UnO: Unsupervised Occupancy Fields for Perception and Forecasting

CVPR 2024 (Oral)

Sergio Casas*, Ben Agro*, Jiageng Mao*十, Thomas Gilles, Alexander Cui十, Thomas Li, Raquel Urtasun


Perceiving the world and forecasting its future state is a critical task for self-driving. Supervised approaches leverage annotated object labels to learn a model of the world --- traditionally with object detections and trajectory predictions, or temporal bird's-eye-view (BEV) occupancy fields. However, these annotations are expensive and typically limited to a set of predefined categories that do not cover everything we might encounter on the road. Instead, we learn to perceive and forecast a continuous 4D (spatio-temporal) occupancy field with self-supervision from LiDAR data. This unsupervised world model can be easily and effectively transferred to downstream tasks. We tackle point cloud forecasting by adding a lightweight learned renderer and achieve state-of-the-art performance in Argoverse 2, nuScenes, and KITTI. To further showcase its transferability, we fine-tune our model for BEV semantic occupancy forecasting and show that it outperforms the fully supervised state-of-the-art, especially when labelled data is scarce.

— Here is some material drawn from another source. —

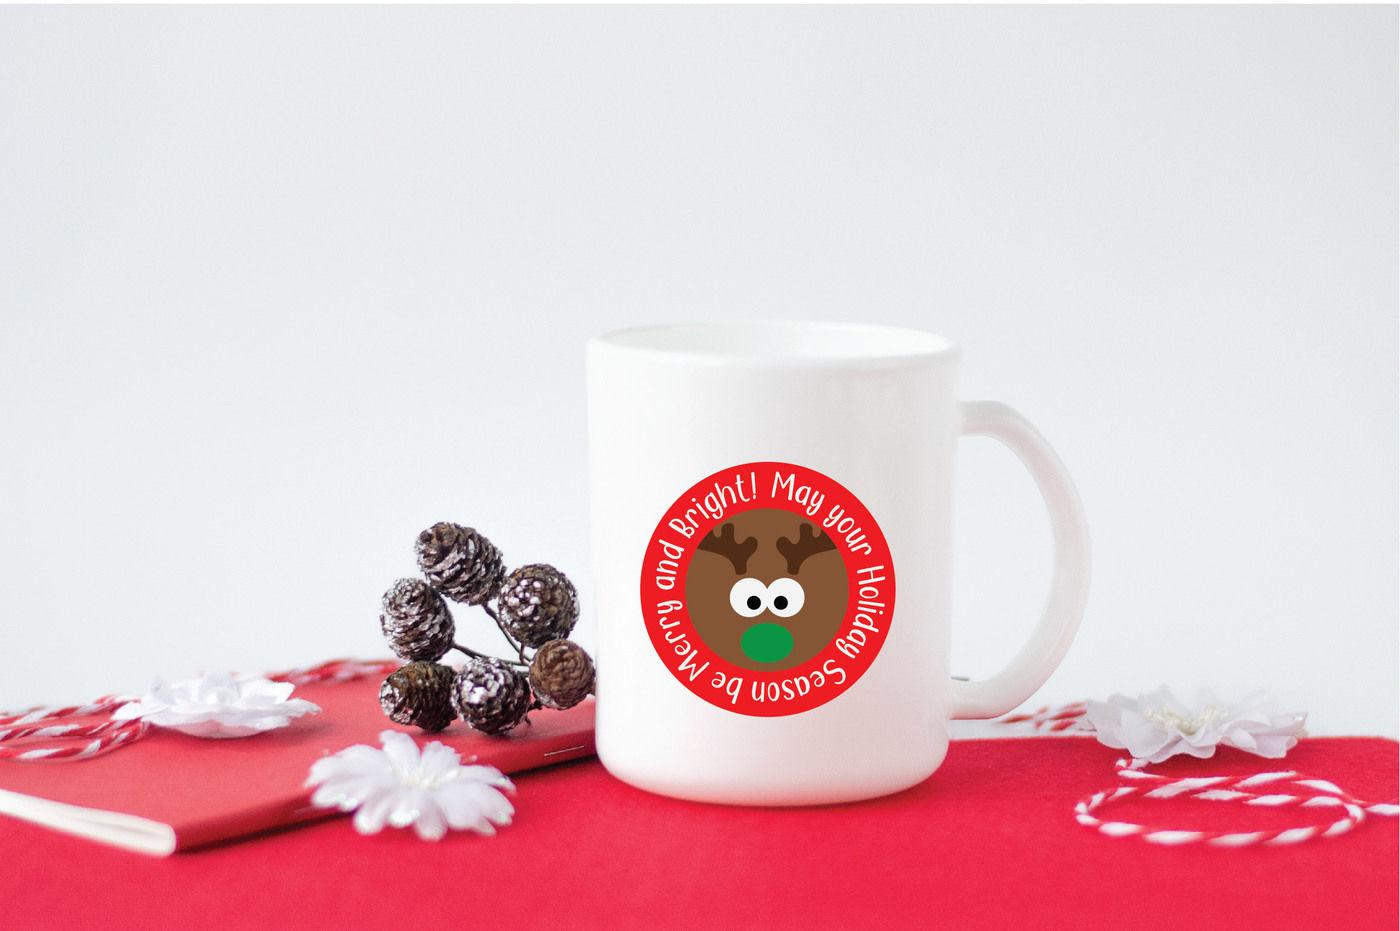 Reindeer Svg Cut File Christmas Svg Dxf Eps Png By Shannon Keyser Thehungryjpeg Com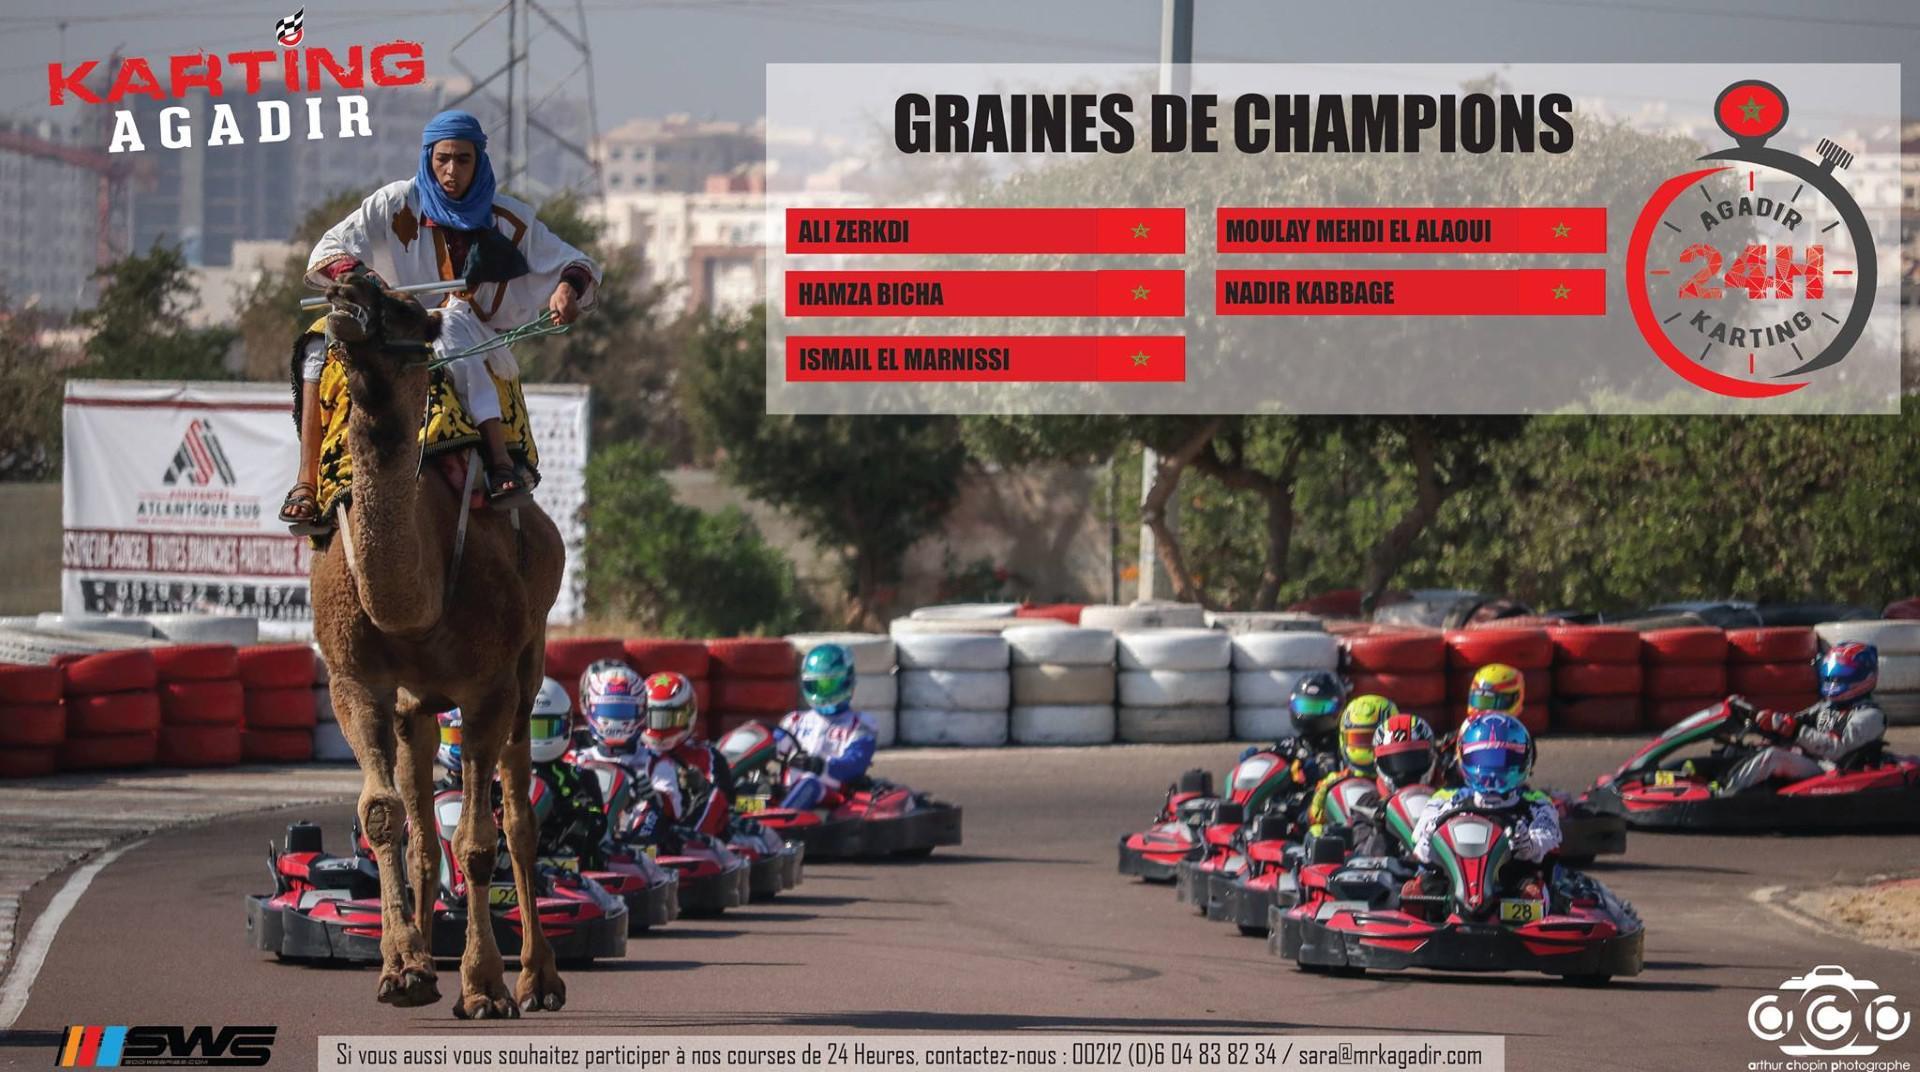 24h-karting-d-agadir-manche-1-915-6.jpg

Finally, when compared to prior state-of-the-art on spatio-temporal geometric occupancy prediction, our 4D world model achieves a much higher recall of objects from classes relevant to self-driving.

Video


Foundation Models for the Real World

Motivation

  1. Scalable architectures and algorithms (e.g., transformers)

  2. Large and diverse datasets to feed to those algorithms (e.g., data scraped from the internet)

  3. Accelerated and industrial scale computing to train these models.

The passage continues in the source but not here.